Intel's 2023 Outstanding Researcher Awards Recognize Fifteen Academic Researchers

Highlights:

  • Intel university-sponsored research is an important part of Intel's mission to create world-changing technology that improves the lives of everyone on the planet.

  • Intel's 2023 Outstanding Researcher Awards recognize fifteen leading worldwide academic researchers conducting Intel university-sponsored research.

  • These research contributions advance today's computing by building upon Intel technologies and advancing the state of the art.

author-image

By

Intel is pleased to present its 2023 Outstanding Researcher Awards (ORAs) to fifteen leading academic researchers. The annual award program recognizes the exceptional contributions made through Intel university-sponsored research that help further Intel’s mission of creating world-changing technology that improves the lives of everyone on the planet.

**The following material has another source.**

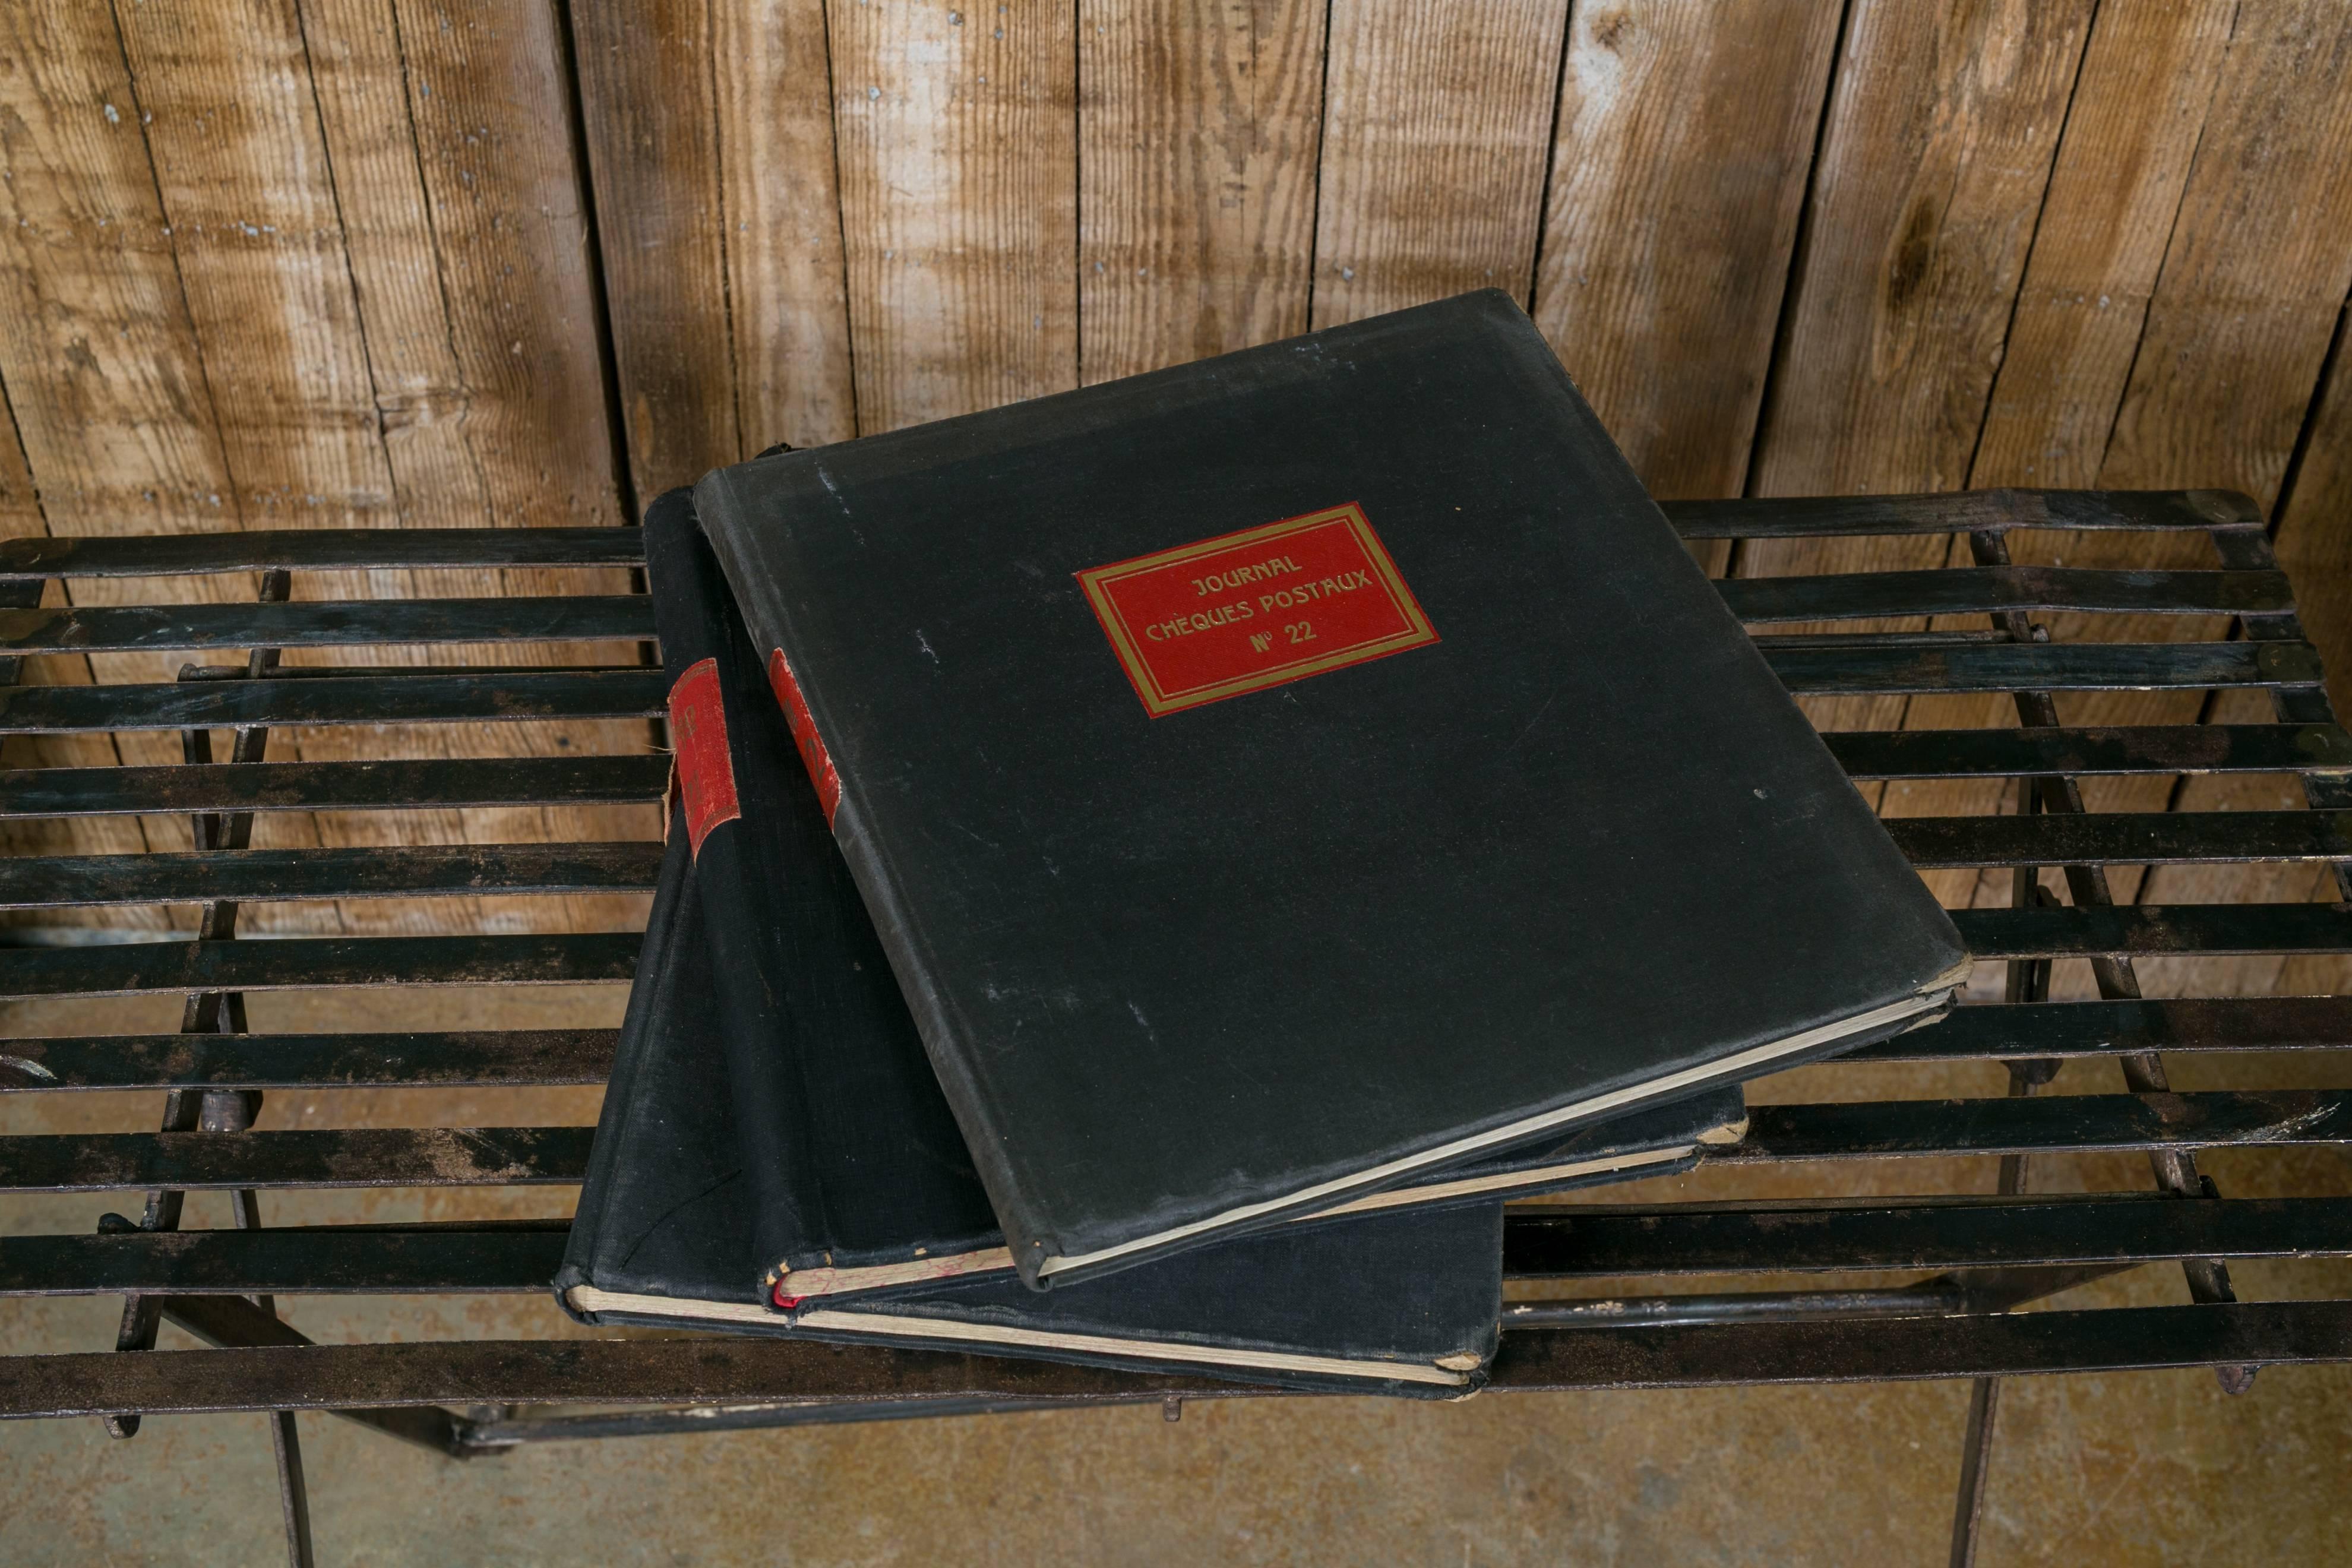 Belgian Set of Three Black and Red Ledgers from Belgium, circa 1930s-1960s

Intel's ORAs are part of Intel's Corporate Research Council, which participates in research initiatives with prominent university science and technology centers and other ecosystem participants. With projects spanning the design of materials via machine learning, scalable optimization for diverse computing platforms, domain-specific compilers and novel accelerator architectures, metrology, field-programmable gate arrays (FPGAs), novel semiconductor devices, privacy-preserving knowledge transfer, and more, these Intel-sponsored research collaborations are advancing today's computing into future technologies.

“Intel’s academic research projects are a core part of the company’s strategy to explore critical research paths,” said Dr. Aravind Dasu, co-director of Intel's Corporate Research Council.

“We are pleased to recognize the important contributions of these carefully selected researchers in our 2023 Outstanding Researcher Awards. We wish them each sincere congratulations,” said Dr. Henning Braunisch, co-director of Intel's Corporate Research Council.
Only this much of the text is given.